New friends Sam, Margaret, and Diana bonded over their messy divorces–different trajectories that all ended in the same place. Now they’re all single, ready to move on, and maybe in Sam’s case still just a little bitter.
A road trip out of New York City is exactly what all three of them need.
Which makes it even more of a bummer when their car breaks down in the Catskills and puts the trip on hold while their car is being repaired. It’s the same place Sam’s ex–Harry–chose to move in with his other woman, the one he left Sam to go back to. But that doesn’t have to mean anything. They can still have fun at a bar. Unless maybe Sam can use the opportunity to get Harry back.
Margaret is nervous about the trip, the expenses, her ex-husband’s increasingly erratic behavior in the apartment they’re still sharing because neither can afford to move out. But she’s also ready for a break and a distraction. Which she finds when sparks start to fly with a younger man at the bar.
When a night promising fresh starts instead leads to bad decisions, both Sam and Margaret aren’t sure what their night out means for the rest of the trip–or their futures. Then they realize that Diana never made it back from the bar. Then things get worse.
It should have been the perfect trip. None of them expected it to include a body count in The Perfect Escape (2022) by Leah Konen.
Konen’s latest thriller is a wild ride through secrets and lies set in upstate New York. All main characters are cued as white.
As the story alternates between first person narrations, it’s clear that all of the characters are keeping their secrets close. Konen slowly teases out Sam, Margaret, and Diana’s backstories as this pressure cooker of a story builds to a twist-filled conclusion and doubts begin to rise between the close-but-new friends.

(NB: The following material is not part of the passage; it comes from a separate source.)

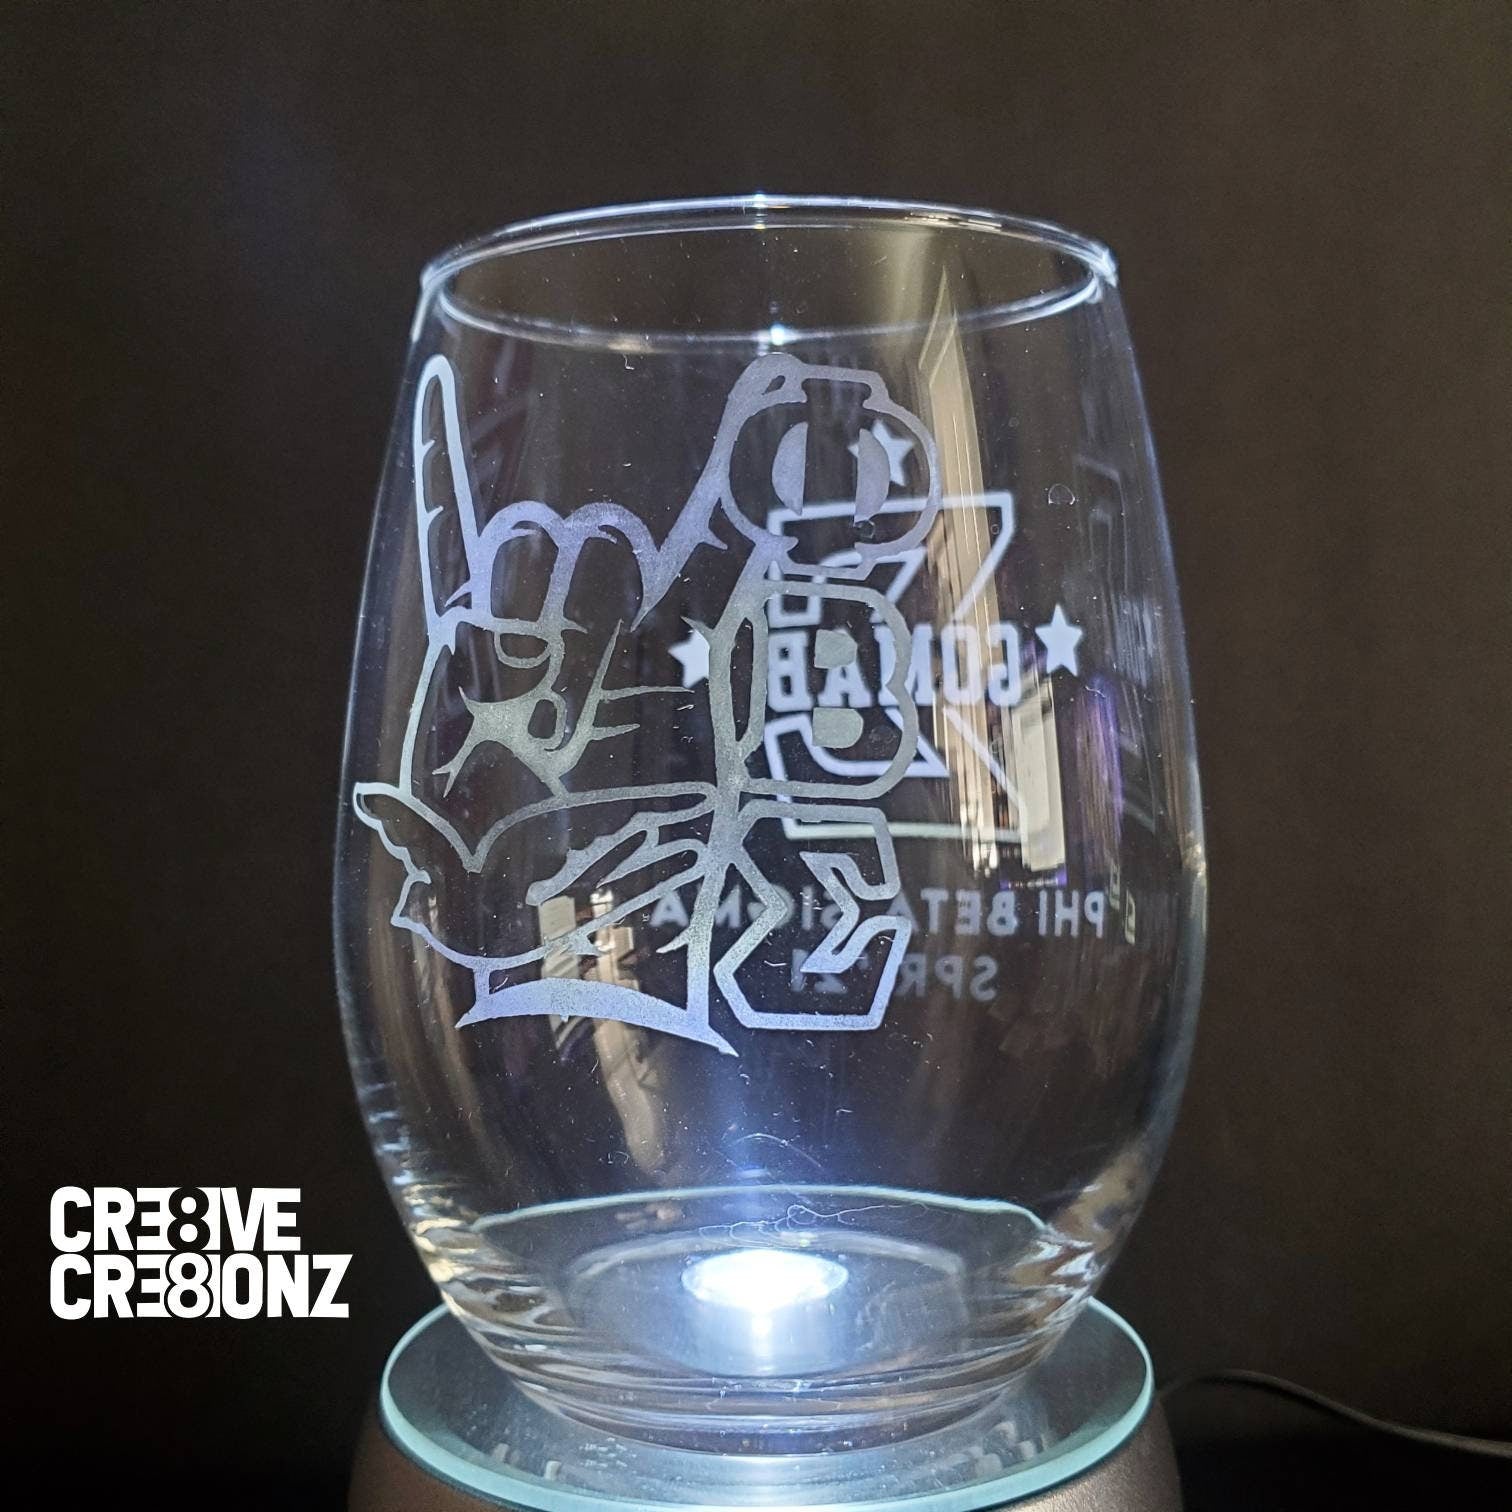 Phi Beta Sigma Glass - Cre8ive Cre8ionz

The Perfect Escape is the kind of book that you’ll enjoy the most with no expectations and minimal information. Konen continues to hone her craft with this smart and suspenseful story where she strikes the perfect balance between dropping clues and foreshadowing future events while also leaving space for truly surprising reveals.
Descriptive prose and well-realized backstories for both Sam and Margaret add substance to this stylish thriller.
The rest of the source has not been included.